P.S....Dazzdax, you're a bit wrong about giant killers not existing in High End audio.

Try listening to a pair of Antique Sound Lab Hurricanes and then say that again with a straight face. The Hurricanes are quite dazzling amplifiers, especially back when they were $4400. Their sense of "life" was -- and is -- exceedingly high. To do better would be a very, very expensive proposition, their (very slight) darkness notwithstanding. That's why, 5 years later, HP still has them on his list. Seen anything else,other than the Goldmund Reference, The Infinity IRS, Jadis JA-200, and the Alon Grand References last that long on his list?? I haven't. And for 30 years worth of reviewing, that's a pretty short list. There most certainly ARE giant killers, but, as in fairy tales, they happen only "once upon a time..."
It is hardly surprising the the 840 Azur sounds great, since the Cambridge is using the Anagram technologies processing inside, it's bound to be good. Some of the best players in the world for the last eight or nine years used Anagram - like the Audio Aero he mentioned in his previously-owned list.

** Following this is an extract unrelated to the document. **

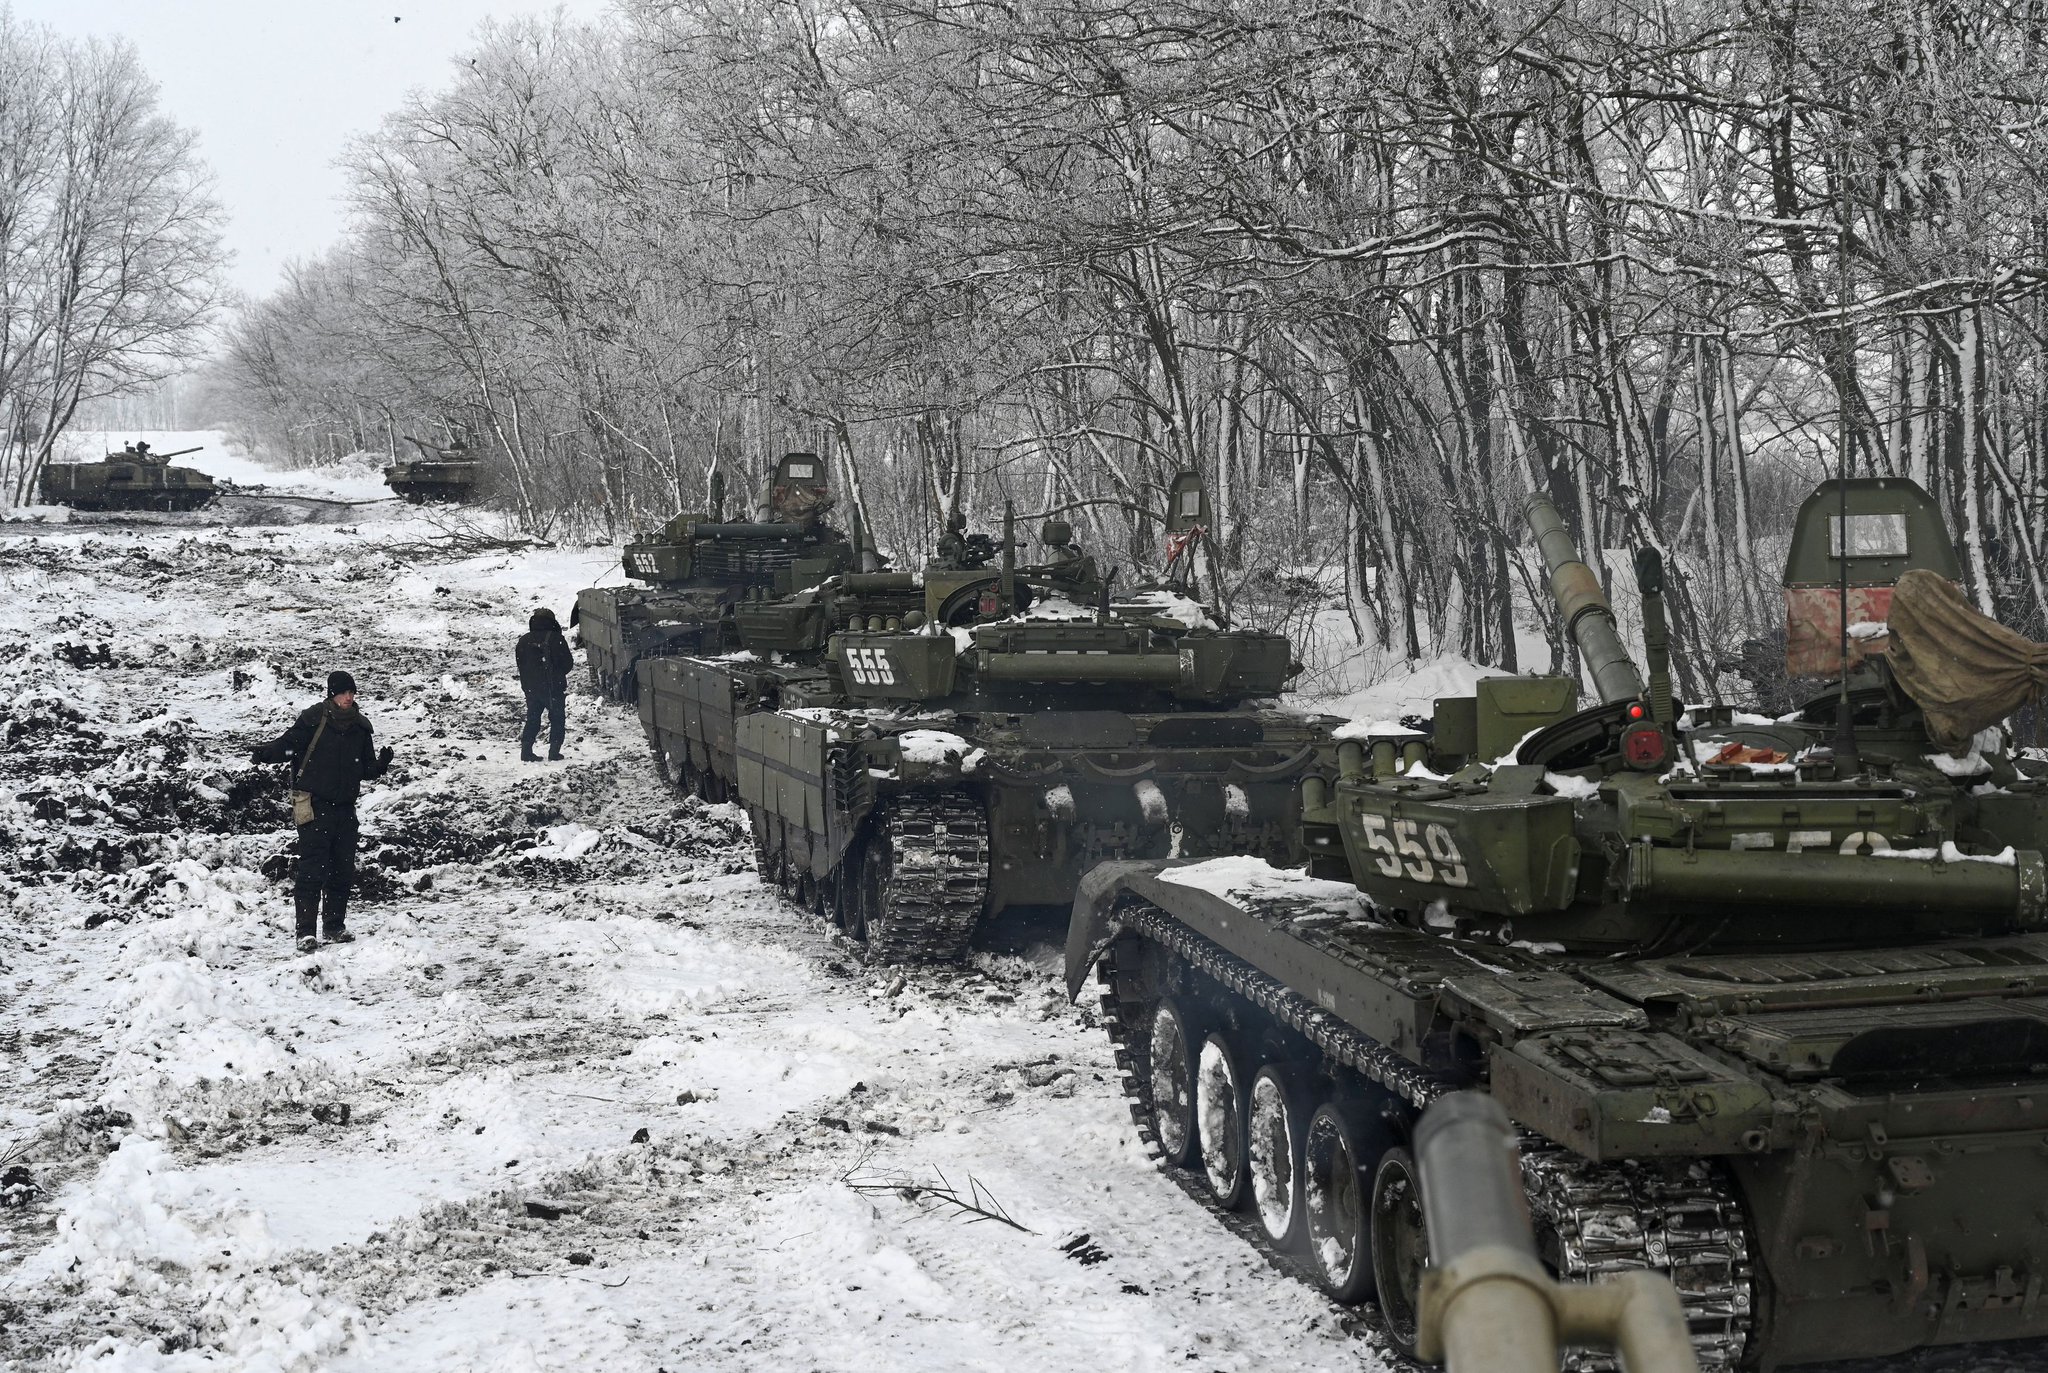 Análise: Nova guerra fria esquenta com escalada da crise ucraniana

Perhaps the technology is less expensive now and is trickling down to lower priced units?
I concur, Golden ears.
I can understand the cynicism about "giant killers." 20 years ago, the most expensive amp was the JA-200, a mere $10,000. Now, they're up to $100,000+ ??? It seems absurd.

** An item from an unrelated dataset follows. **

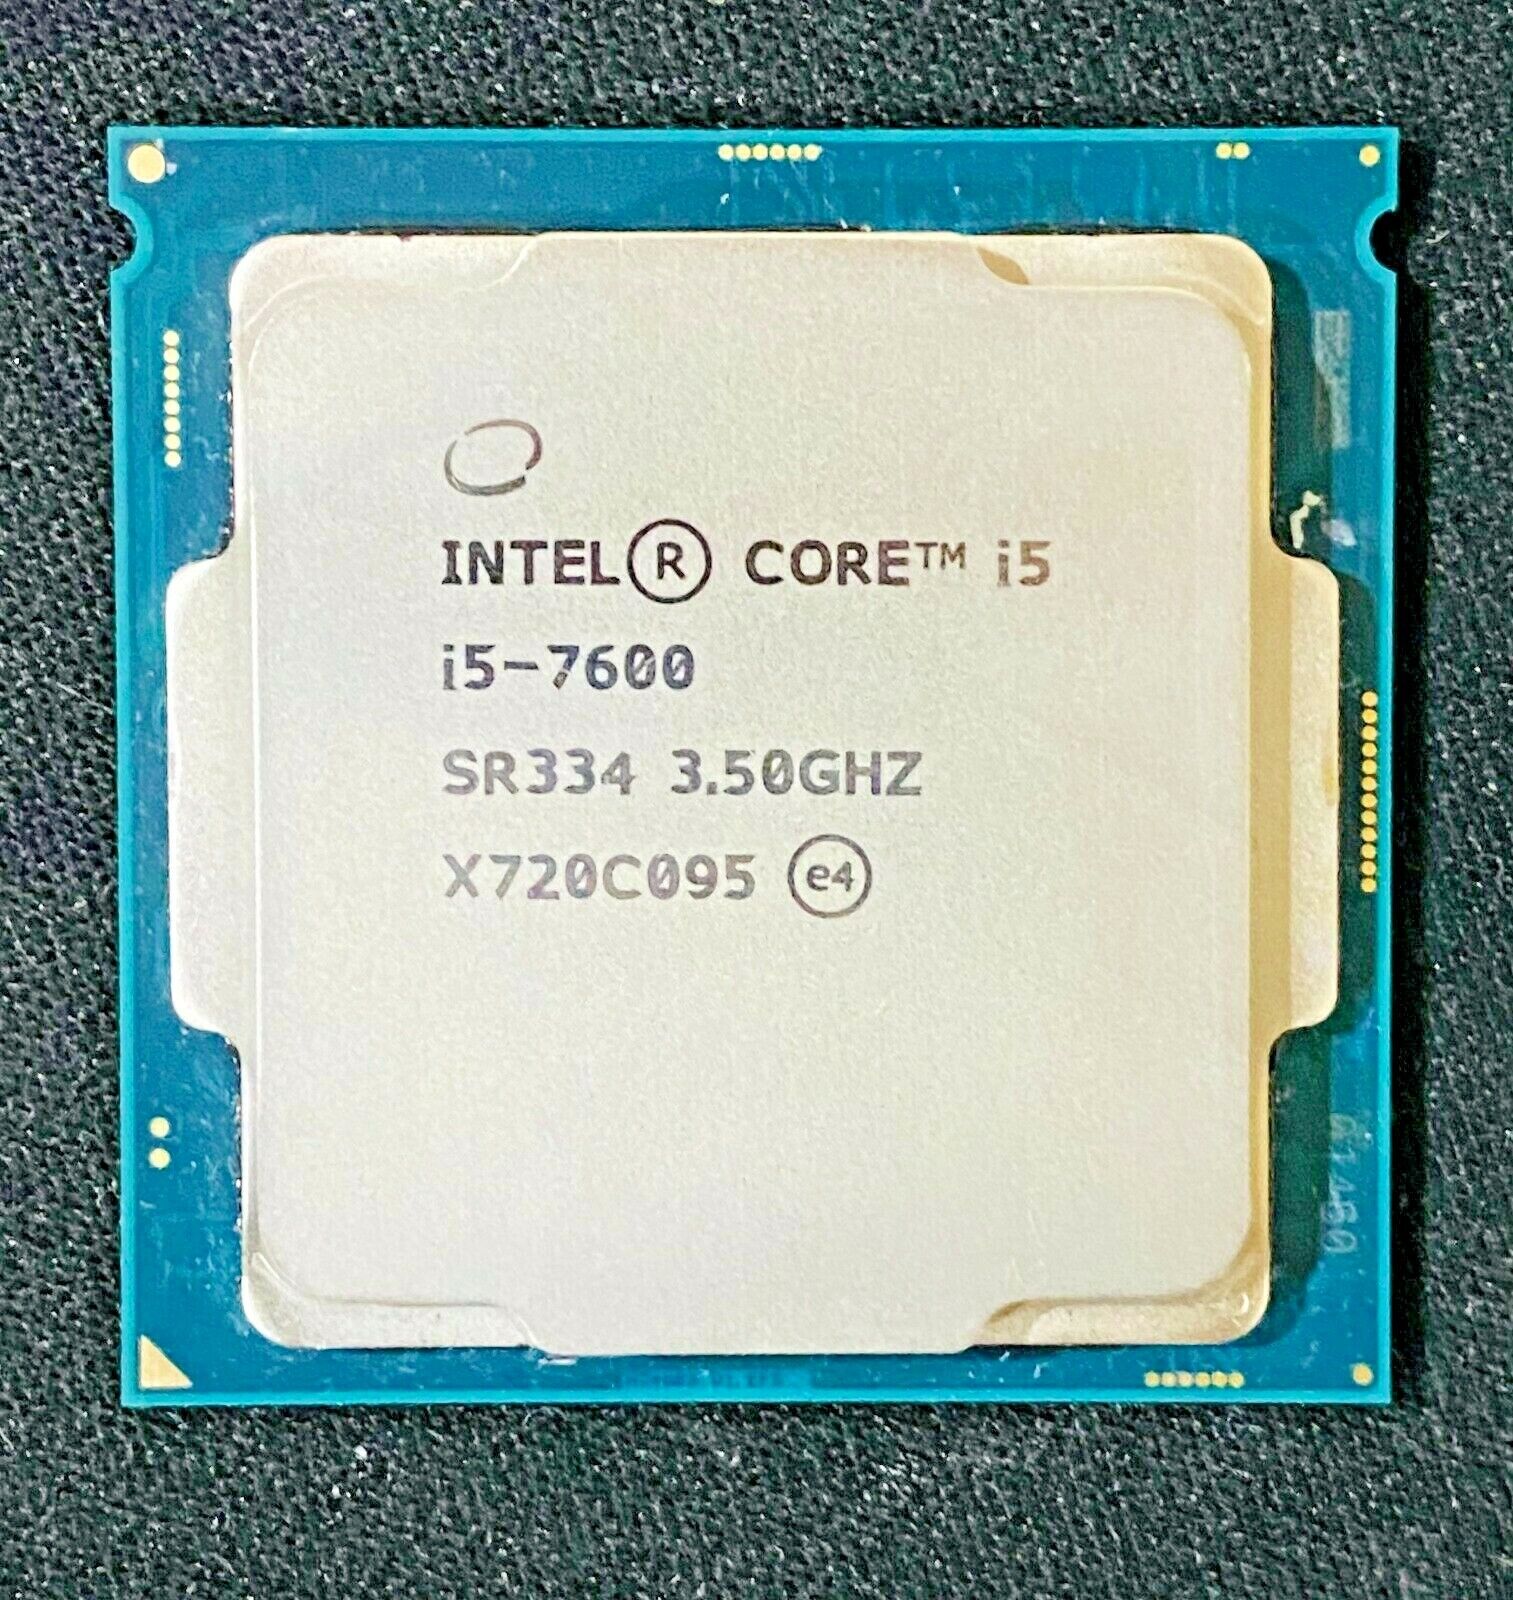 Intel Core i5-7600 CPU Processor Quad-Core 3.5 GHz Socket H4 LGA-1151 65W SR334

And TAS, for whom I once wrote, recently wrote up the RMAF event, and in their "mid-priced" section, they mentioned $10,000 integrated amps. They've lost their (collective) minds, although I can understand that they're simply reporting facts. Nonetheless, to say ANYTHING that costs $10,000 comes in the "mid-priced" section is absurd, although I doubt that the individual writer used that headline.
So, to have a component, that, like the Antique Sound Lab Hurricanes, which cost $4,400 5 years ago, but sounded so spectacular that HP Himself (!!!) posited that he wouldn't have been surprised to see a $20,000 price tag on them, come around in digital is bound to cause controversy, regardless of its (technological) pedigree. I've seen people compare it to the Rega Saturn and say the Saturn sounds superior. It's more of a reaction to Robert Harley's review. Like an "American Idol" contestant, people want to see him eat his words. Frankly, I don't. If he found something that can compete -- and in many, many categories -- with components $3-5k higher priced, that is cause for rejoicing. It means that there is a company who has decided that they can sell hundreds more at $1,499.99 than $4999.99, which is wonderful. It is positively appalling -- and exciting -- to see a new surge in high quality components, but MUST it cost so much more than 20 years ago? This surpsasses the rate of inflation by multiple hundreds of percent. I suppose it can be put down to R&D, but really!! -- High End is reaching levels of price gouging equivalent to the distance in height between the Empire State Building and Valhalla.
So, I'm pleased about the Cambridge.
And by the way, I bought a brand new one yesterday. For something with a mere 24 hours on it (started at 3pm yesterday, and it's now 3:28 pm), it's doing pretty damned good. And this on an Arcam FMJ 22, not the best component for microdyanmics, "sweetness," musicality and soundstaging. I purposely read while I was listening to the Mercury CD The Firebird, and I have never looked up more often, hit "pause" and then rewound. In fact, I listened to the whole symphony and it was over before I knew it. This thing is GOOD, real, real, real, real GOOD!!!